**PROBLEM TO SOLVE**
Transcribe the listing in full, excluding any pictures.
⁂
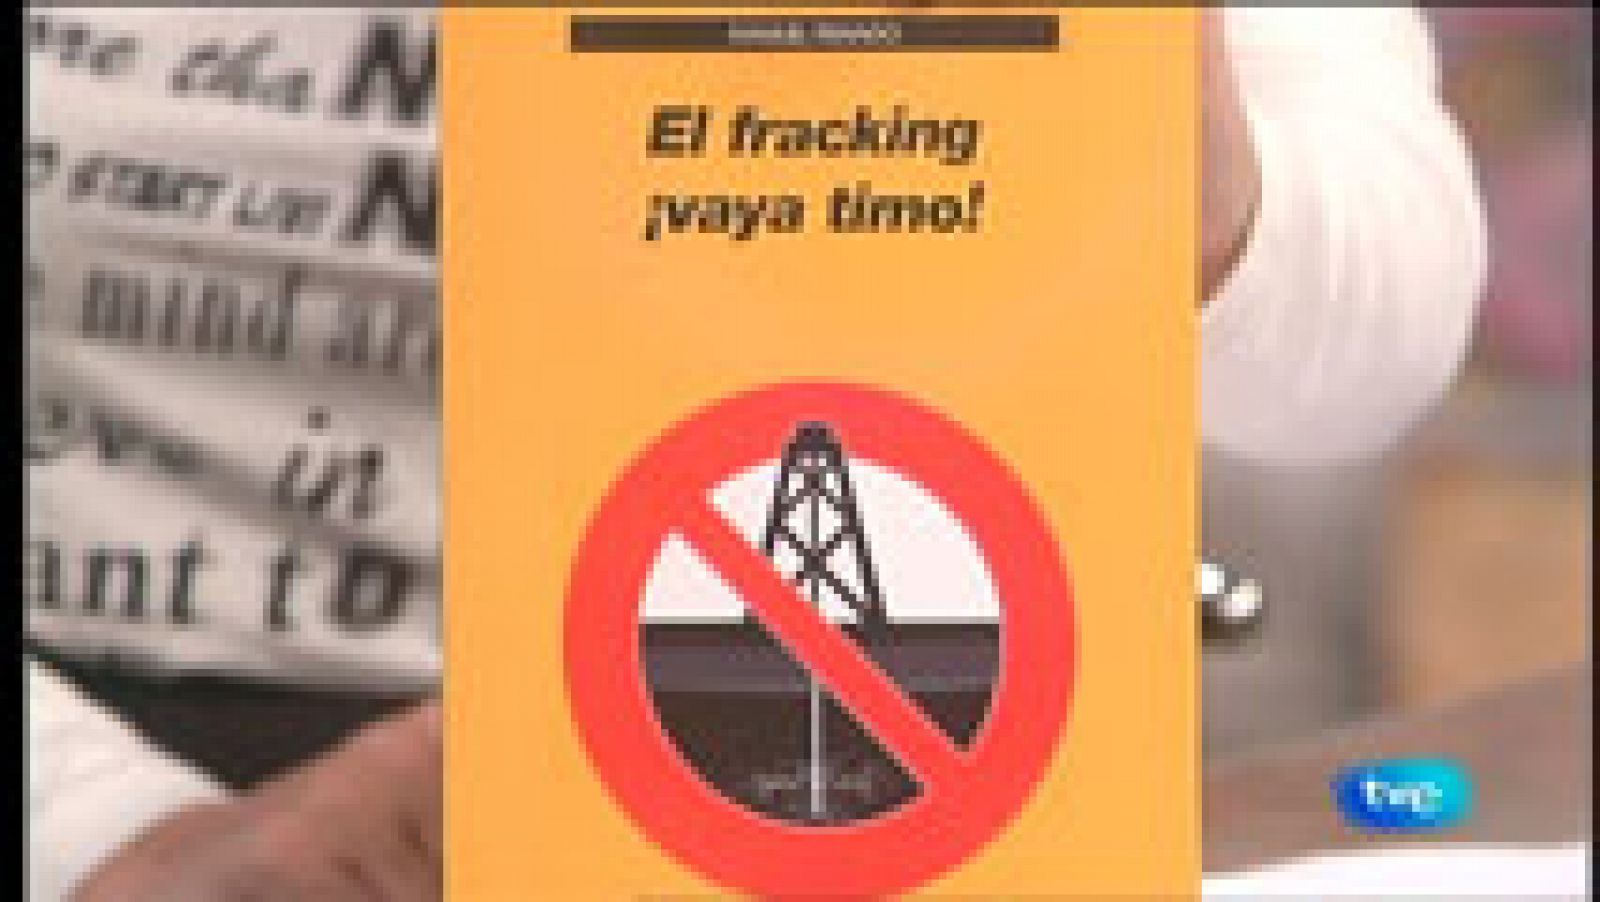 La aventura del Saber: La Aventura del Saber. Manuel Peinado. El fracking, vaya timo | RTVE Play
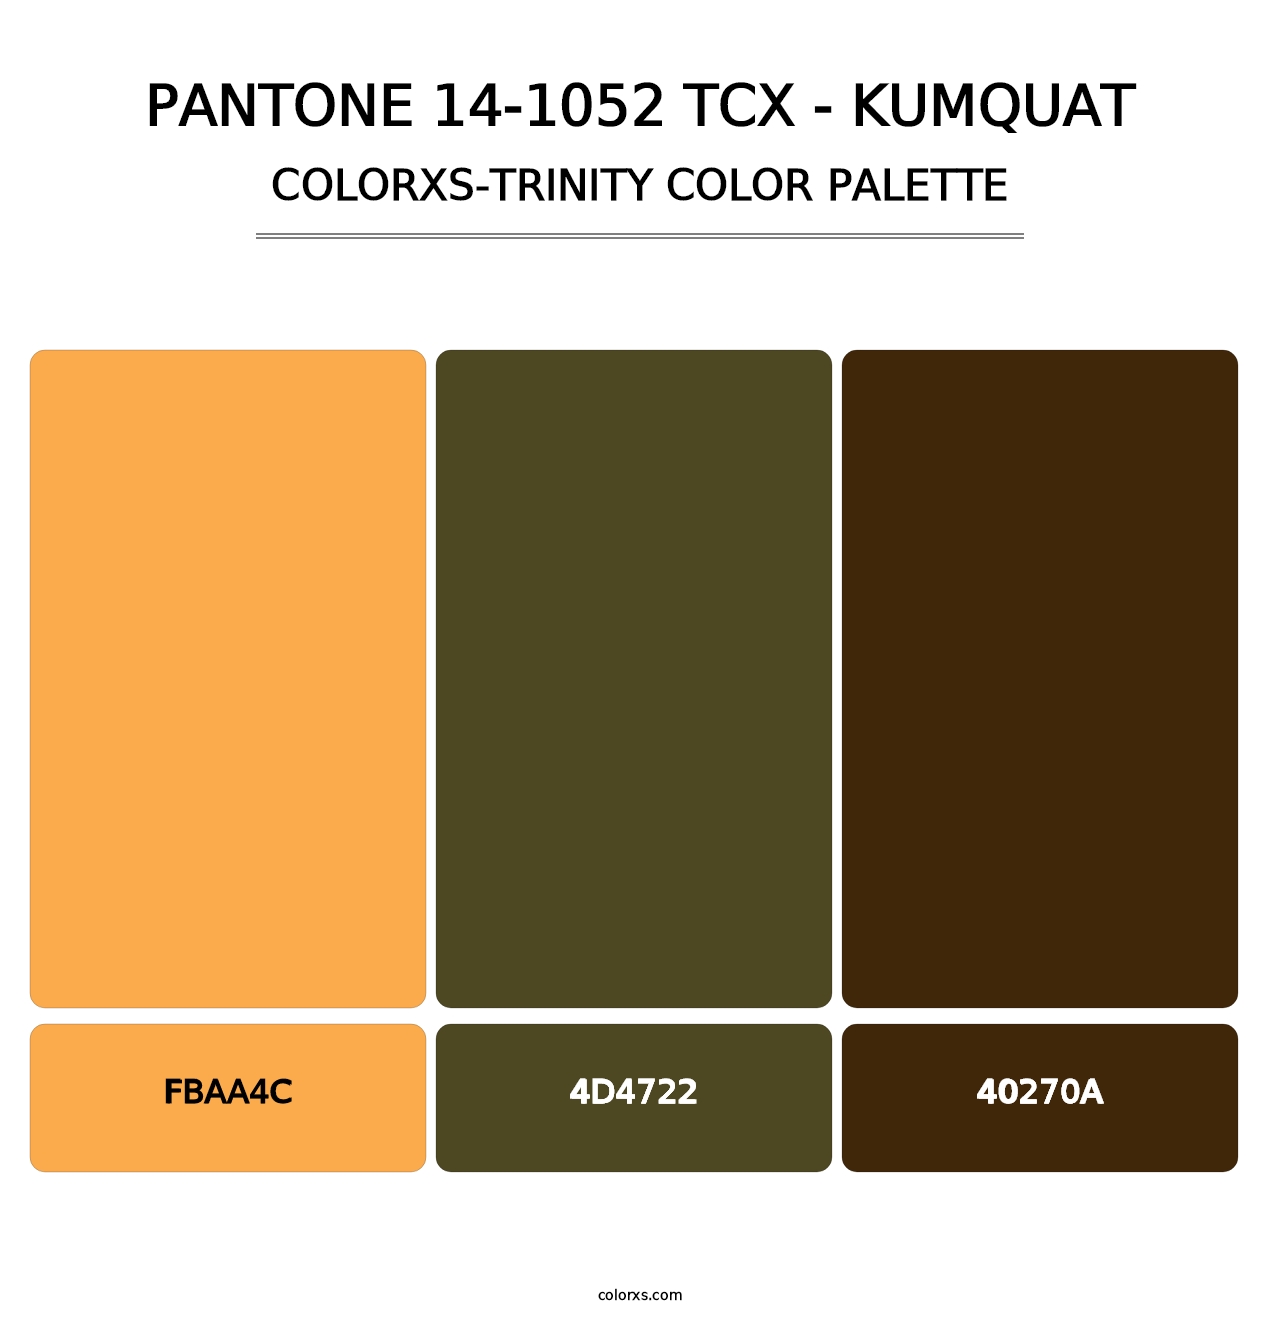 PANTONE 14-1052 TCX - Kumquat - Colorxs Trinity Palette
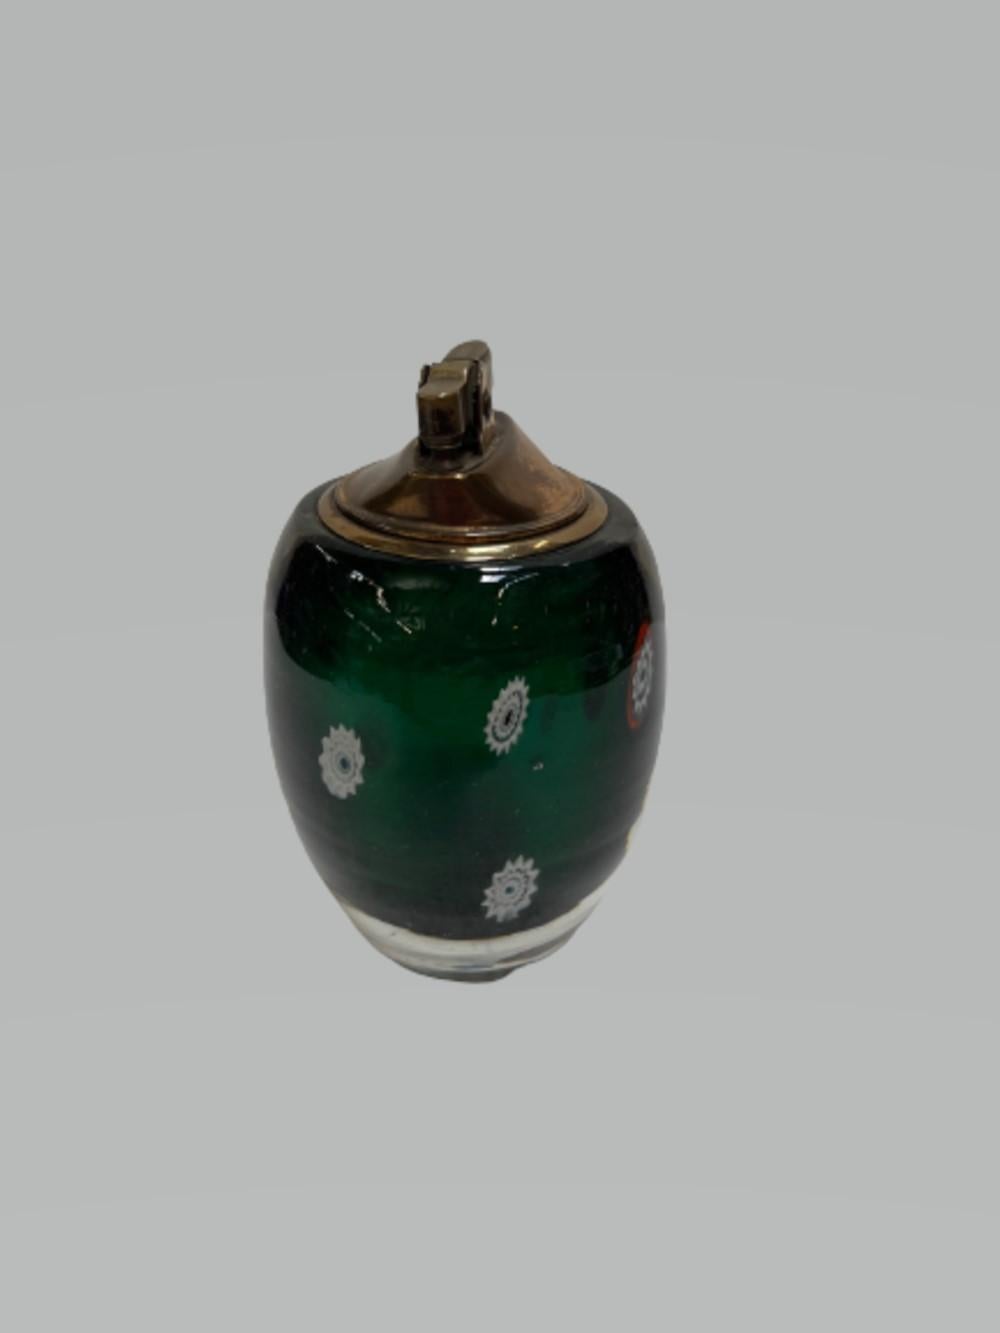 Original 1960s Italian green Murano glass brass table lighter.
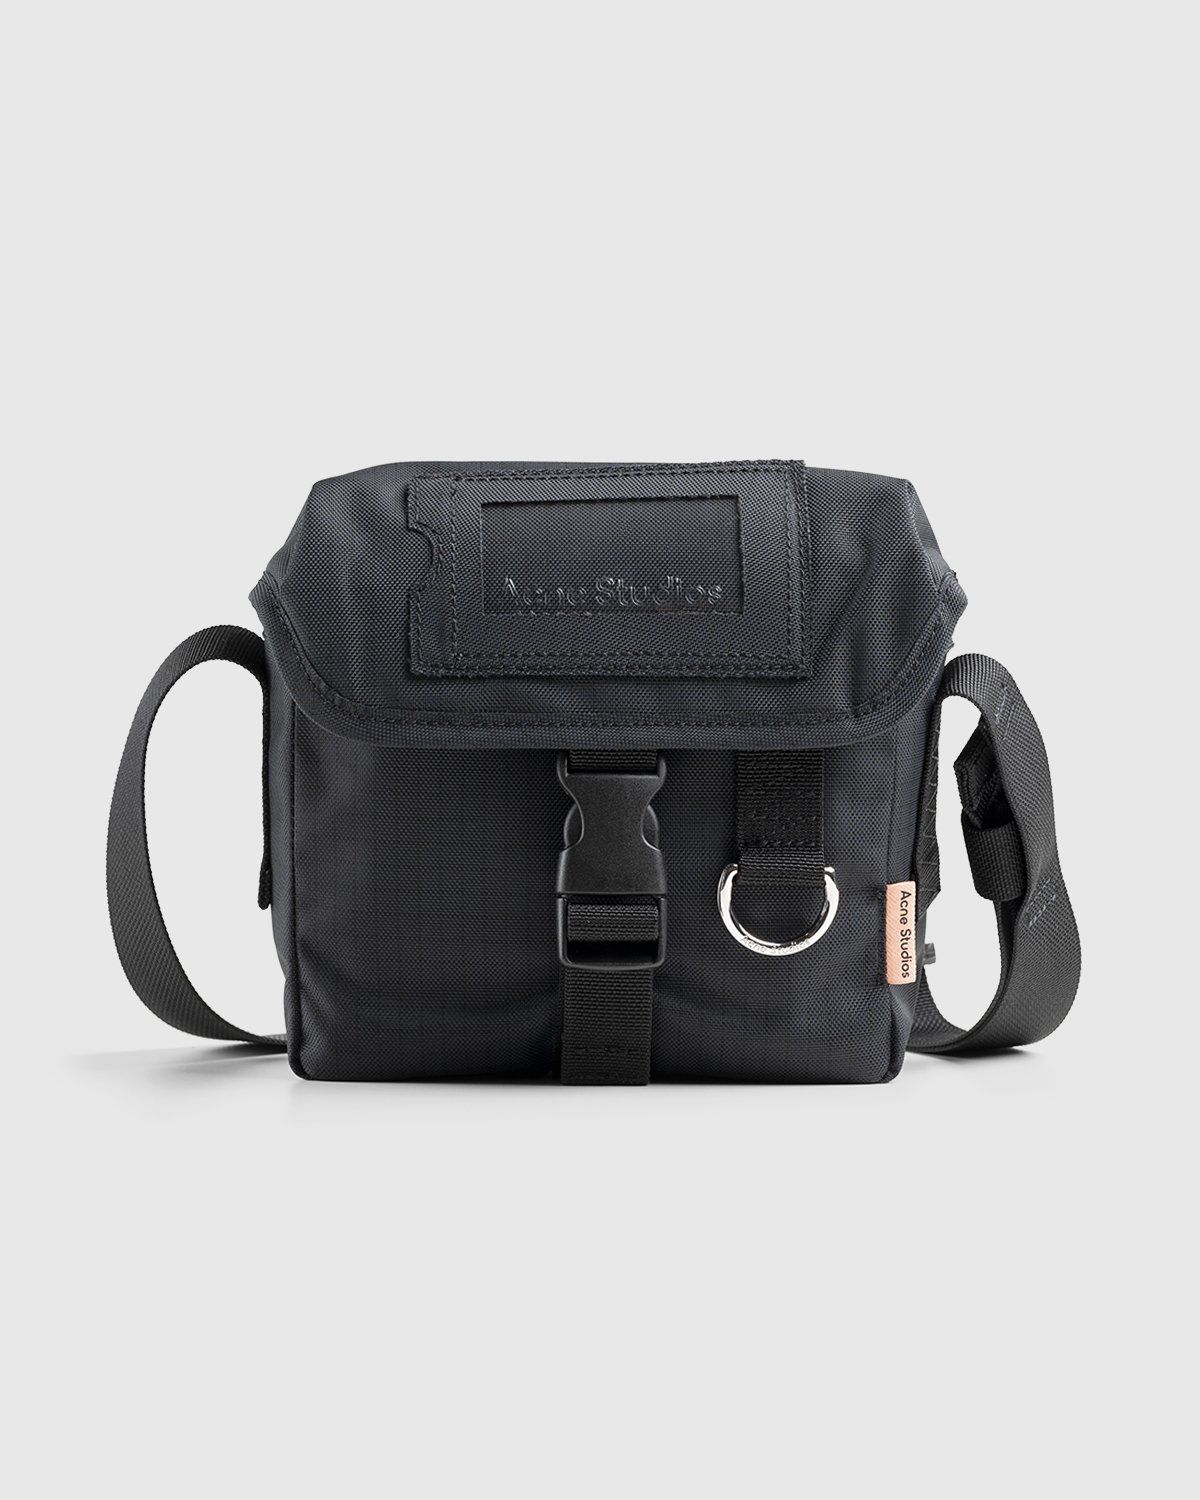 Acne Studios – Small Messenger Bag Black - Shoulder Bags - Black - Image 1
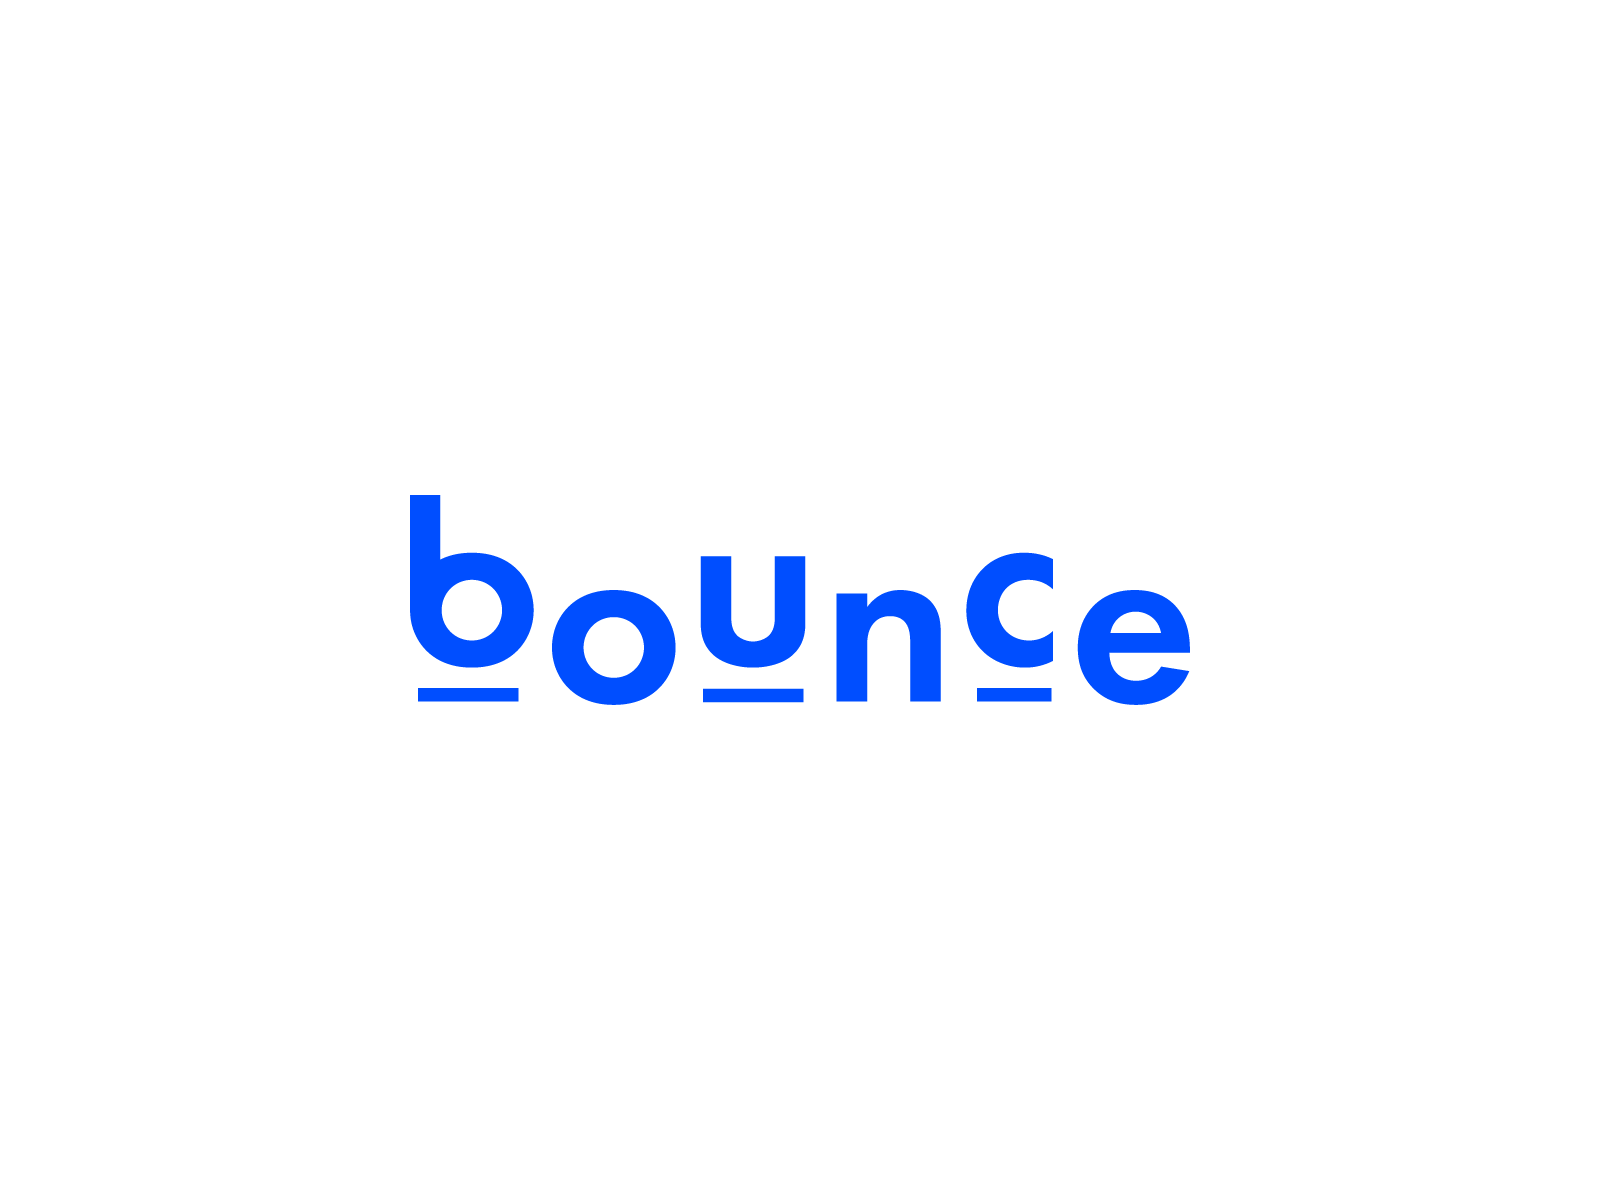 Bounce – DLC Day 34 – Social Media Website by Linnea S. on Dribbble
⁂
**EXERCISE OUTPUT**
 La aventura del Saber: La Aventura del Saber. Manuel Peinado. El fracking, vaya timo | RTVE Play
 PANTONE 14-1052 TCX - Kumquat - Colorxs Trinity Palette
 Original 1960s Italian green Murano glass brass table lighter.
 Acne Studios – Small Messenger Bag Black - Shoulder Bags - Black - Image 1
 Bounce – DLC Day 34 – Social Media Website by Linnea S. on Dribbble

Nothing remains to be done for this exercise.